Na próxima quarta-feira (10), o IBGE divulga o IPCA de novembro.
Juros básicos
Para alcançar a meta de inflação, o Banco Central usa como principal instrumento a taxa básica de juros – a Selic – definida em 15% ao ano pelo Comitê de Política Monetária (Copom) do BC. O recuo da inflação e a desaceleração da economia levaram à manutenção da Selic pela terceira vez seguida, na última reunião, no início do mês passado.
No entanto, o colegiado não descarta a possibilidade de voltar a elevar os juros “caso julgue apropriado”.
Em nota, o BC informou que o ambiente externo se mantém incerto por causa da conjuntura e da política econômica nos Estados Unidos, com reflexos nas condições financeiras globais. No Brasil, a autarquia destacou que a inflação continua acima da meta, apesar da desaceleração da atividade econômica, o que indica que os juros continuarão altos por bastante tempo.

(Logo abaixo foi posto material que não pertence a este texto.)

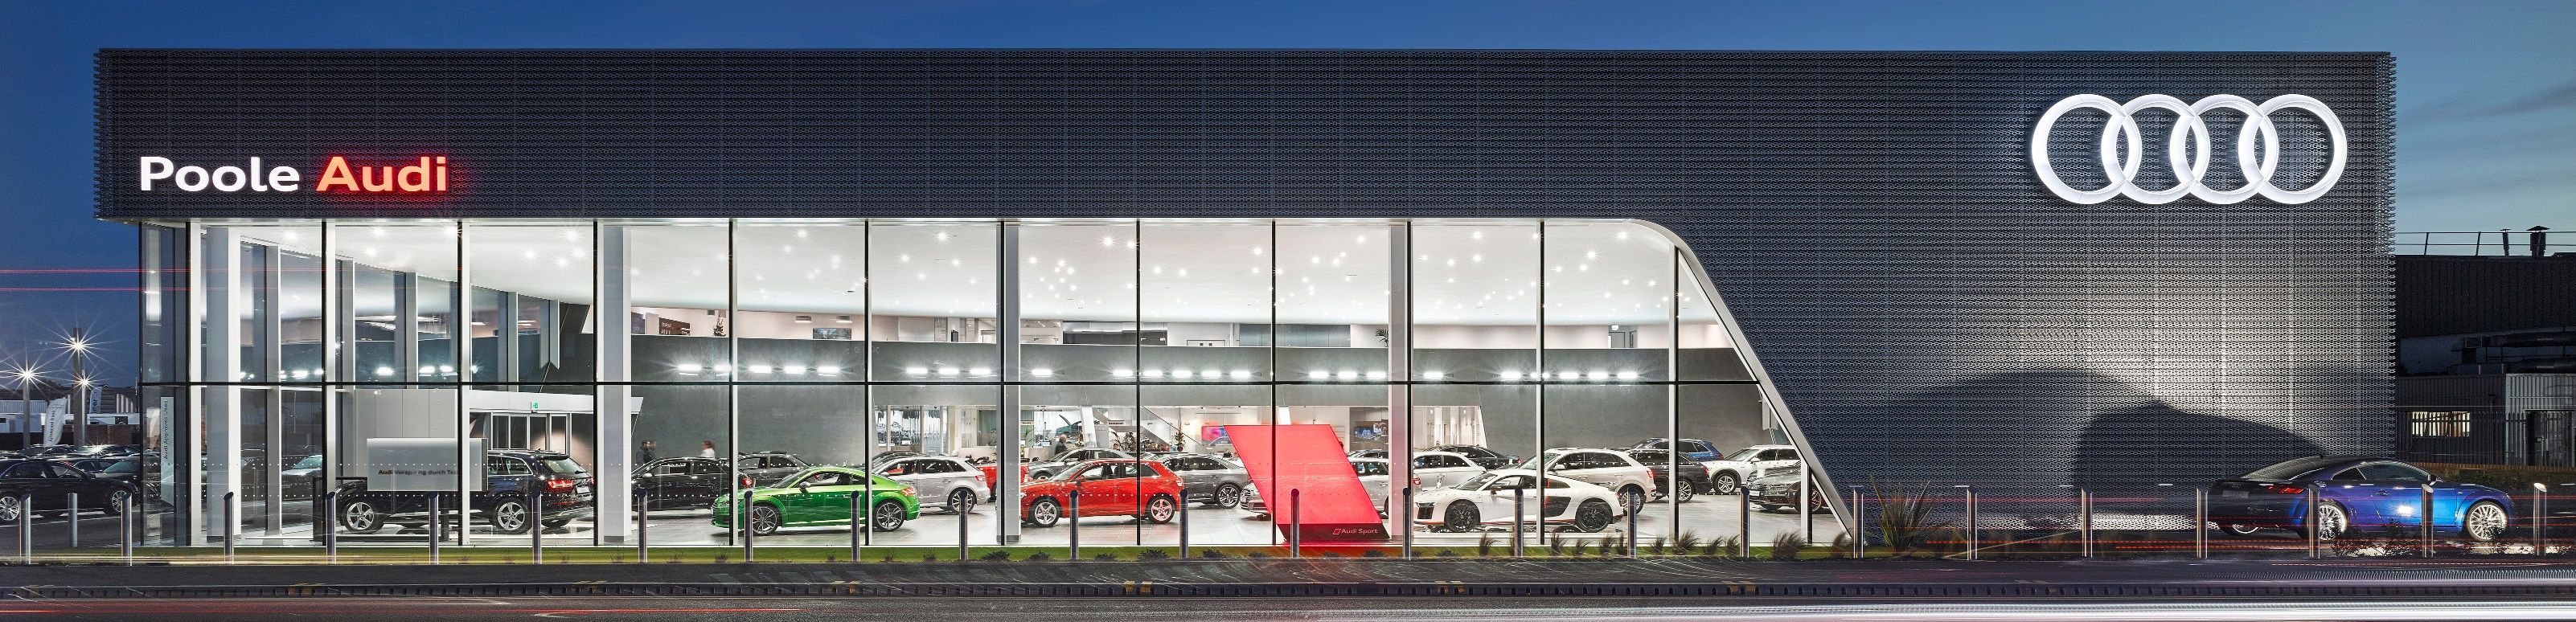 Car Finance at Poole Audi

O Copom faz a última reunião do ano nesta terça (9) e quarta-feira (10), e a estimativa dos analistas de mercado é que a taxa básica encerre 2025 em 15% ao ano.
Para o fim de 2026, a expectativa é que a Selic caia para 12,25% ao ano. Para 2027 e 2028, a previsão é que ela seja reduzida novamente para 10,5% ao ano e 9,5% ao ano, respectivamente.
Quando o Copom aumenta a Selic, a finalidade é conter a demanda aquecida; isso causa reflexos nos preços porque os juros mais altos encarecem o crédito e estimulam a poupança. Assim, taxas mais altas também podem dificultar a expansão da economia. Os bancos ainda consideram outros fatores na hora de definir os juros cobrados dos consumidores, como risco de inadimplência, lucro e despesas administrativas.
Quando a taxa Selic é reduzida, a tendência é que o crédito fique mais barato, com incentivo à produção e ao consumo, reduzindo o controle sobre a inflação e estimulando a atividade econômica.